Афанасий расправлял вывихнутый палец правой руки, Марья откусывала над-
ломанные ногти, Данила высасывал ртом кровь из руки, в нескольких местах
поколупанной матерью...
- Он и ложку нарочно спрятал! - пропыхтел запыхавшийся Афанасий. - Я
тебя когда-нибудь убью, сволочь такую! - посмотрел он несвоими глазами
на сына, бледный, дрожащий, обессиленный от борьбы.
- Ладно, - загудел вызывающе и насмешливо Данила.
- Довольно! - прикрикнула на них на обоих мать. - Будет! Щи стынут!
Ешьте!
- Хотя бы обедали, как люди, - уныло пожелала Груня, молодая, безжиз-
ненная, как старуха, с полуспущенными на глаза верхними веками, с отви-
сающими дрябло щеками.
Афанасий отстранил локтями всех от опрокинутой на стол гущи, взял
сперва ложку, а потом широкий нож и начал собирать пшено со стола в свою
тарелку. Если судить справедливо, то он больше всех в доме имеет прав на
это пшено: он раньше всех встает, больше всех работает...
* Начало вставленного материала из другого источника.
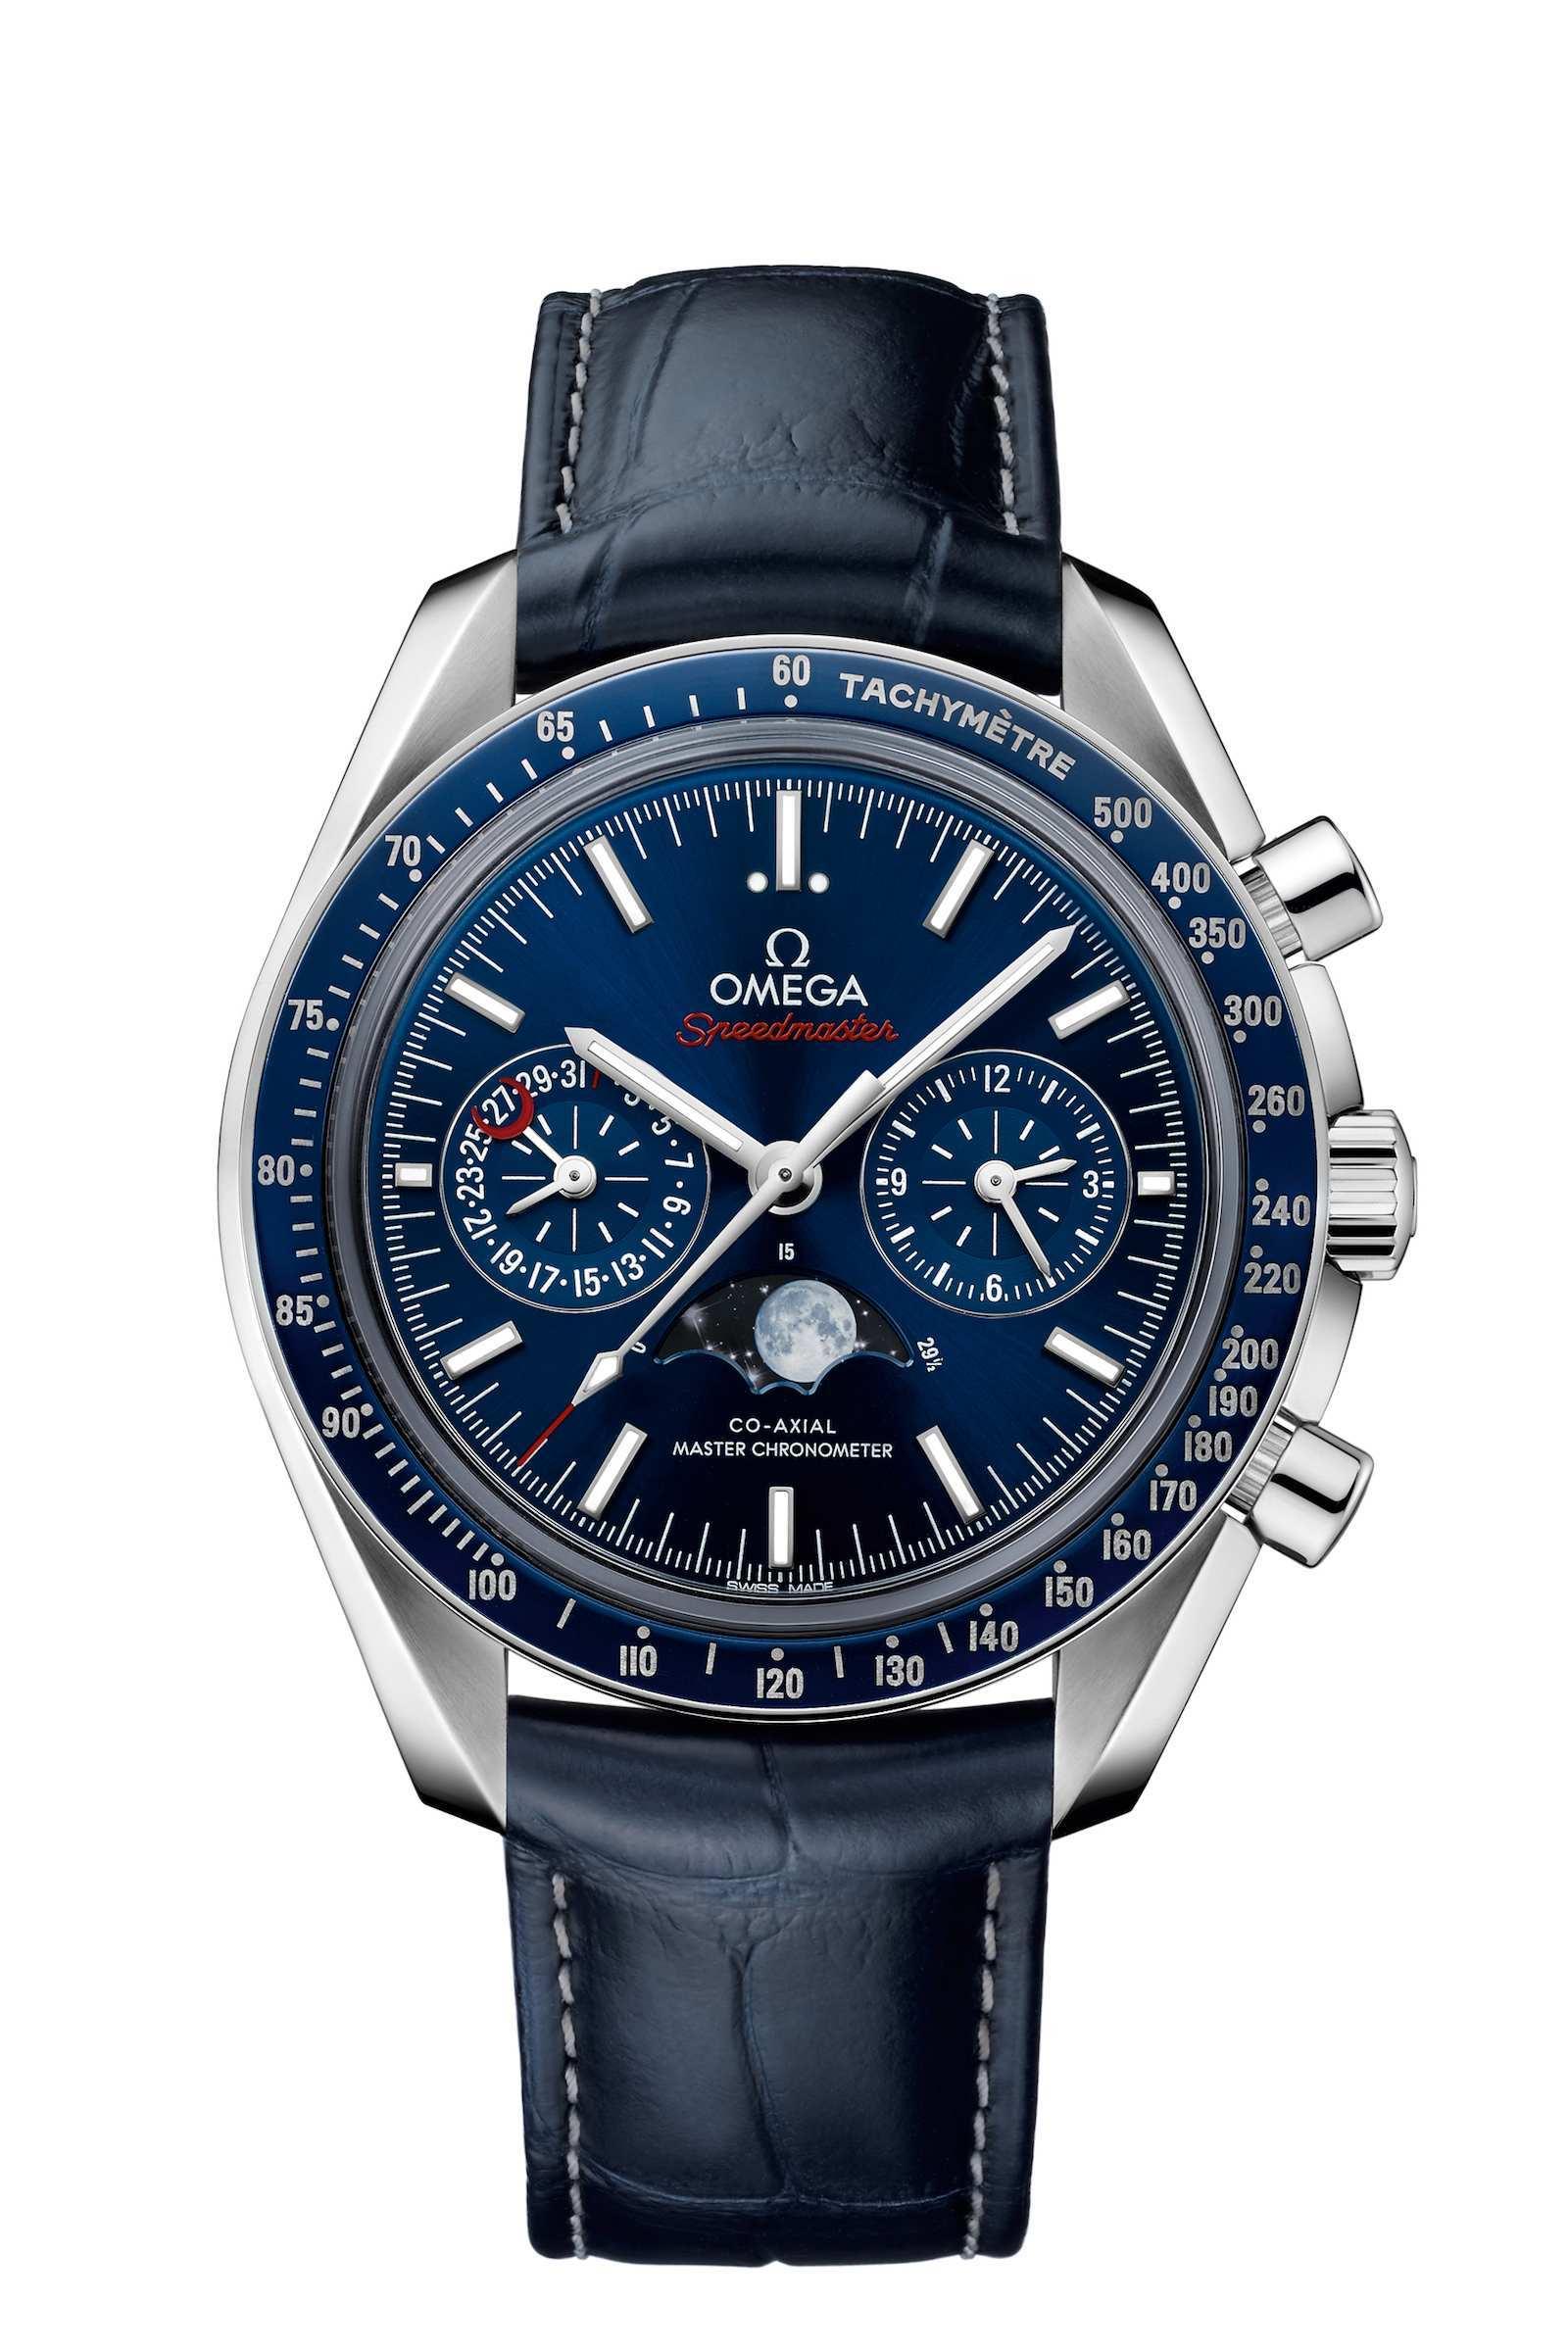 Omega – Pre Basel 2016 – Speedmaster Moonphase Chronograph Master Chronometer y Seamaster Planet Ocean 600m Master Chronometer
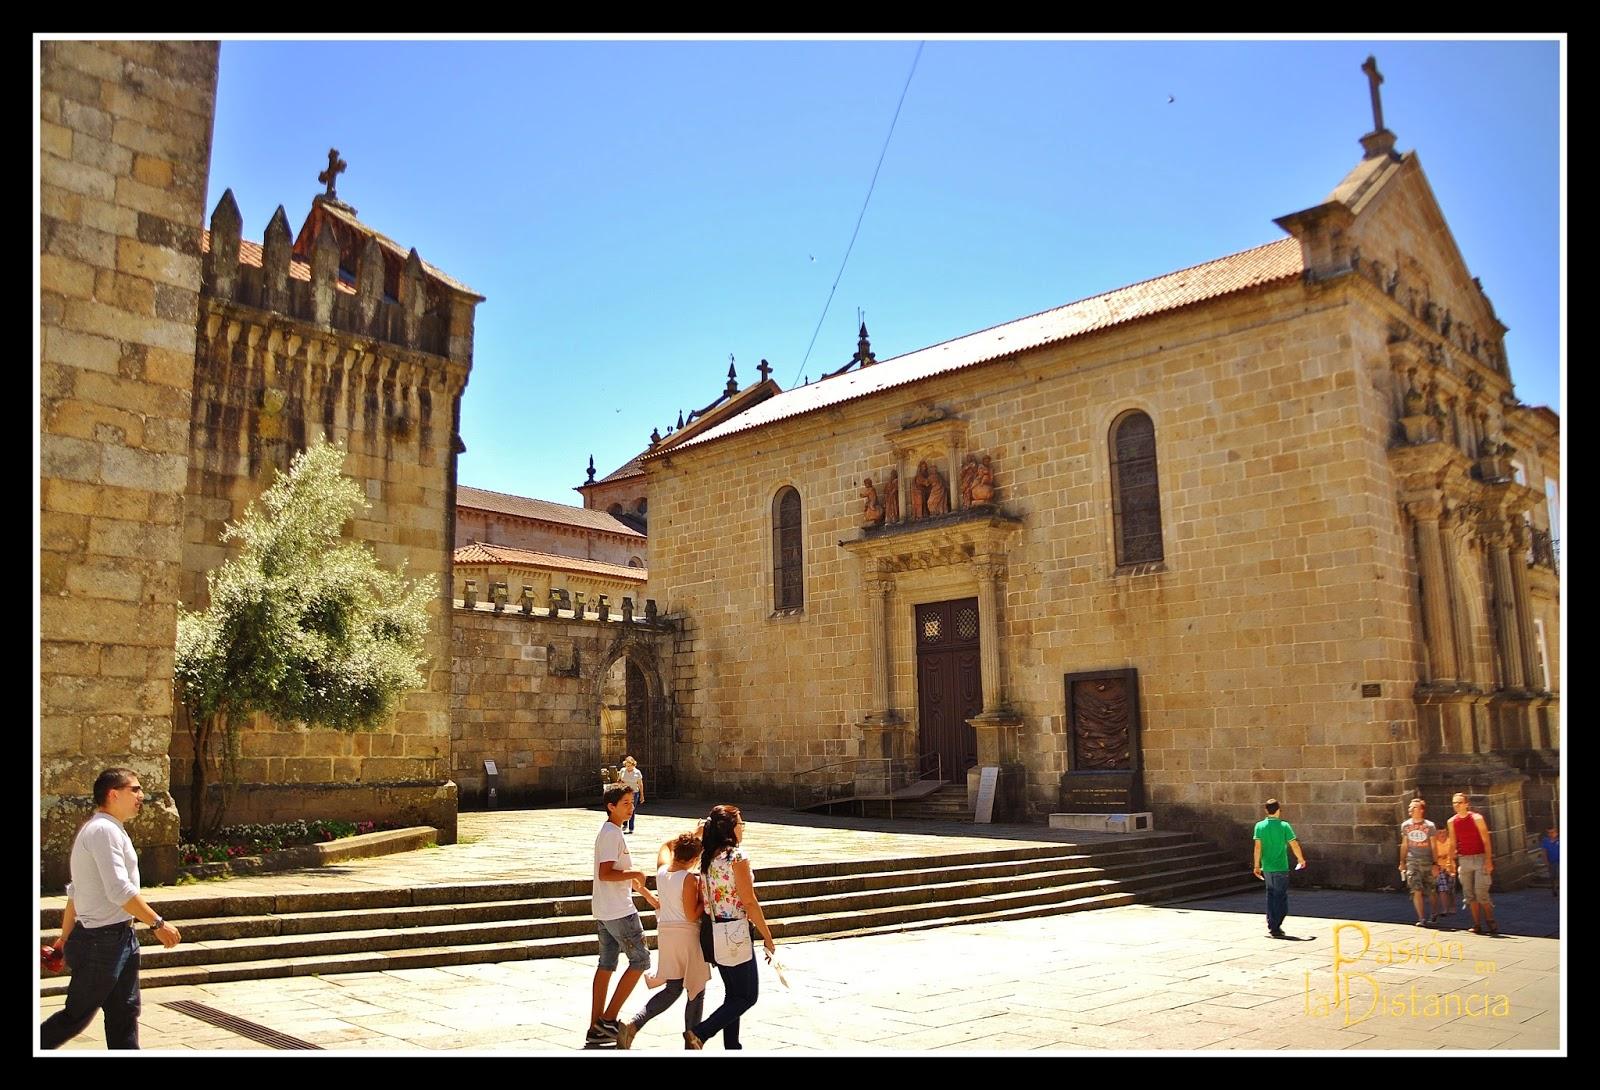 Igreja_da-Misericordia_Braga

- Что же это будет? - сдавленно спрашивал Данила и провожал глазами
пшено на ноже отца. - Один будет поедать все пшено, а другие будут хле-
бать из котла пустую воду?
- А ты?! - обе враз попрекнули его мать и сестра. - А ты?! Тебе мож-
но?
- Делите на троих, - указал отец на оставшуюся на столе часть пшена,
бросил широкий нож, подлил себе из котла жижи, спрятал в карман очки и
стал есть.
Мать схватила нож и зацарапала им по столу, сгребая все крупинки пше-
на в одну кучу. Если бы по совести делить, то главную часть этого пшена
надо было бы дать ей: она продает зажигалки, она достает деньги. Не про-
дай она вчера зажигалки, сегодня не было бы ни этого обеда, ни этой гу-
щи...
Ели молча, жадно, жевали громко, как лошади. Иногда кто-нибудь хотел
дать отзыв о качестве капусты, пшена или черного хлеба, но, пробормотав
несколько слов, обычно умолкал, устремляя все свое внимание снова в та-
релку.
Жижи в котле было много, и ее брали без счета, кто сколько хотел.
- Хлеб ешьте только со щами, - скользнула глазами по всем приборам
Марья. - А так-то его, конечно, не хватит, сколько ни возьми.
- Я его почти вовсе не беру, - тоскливо произнесла Груня.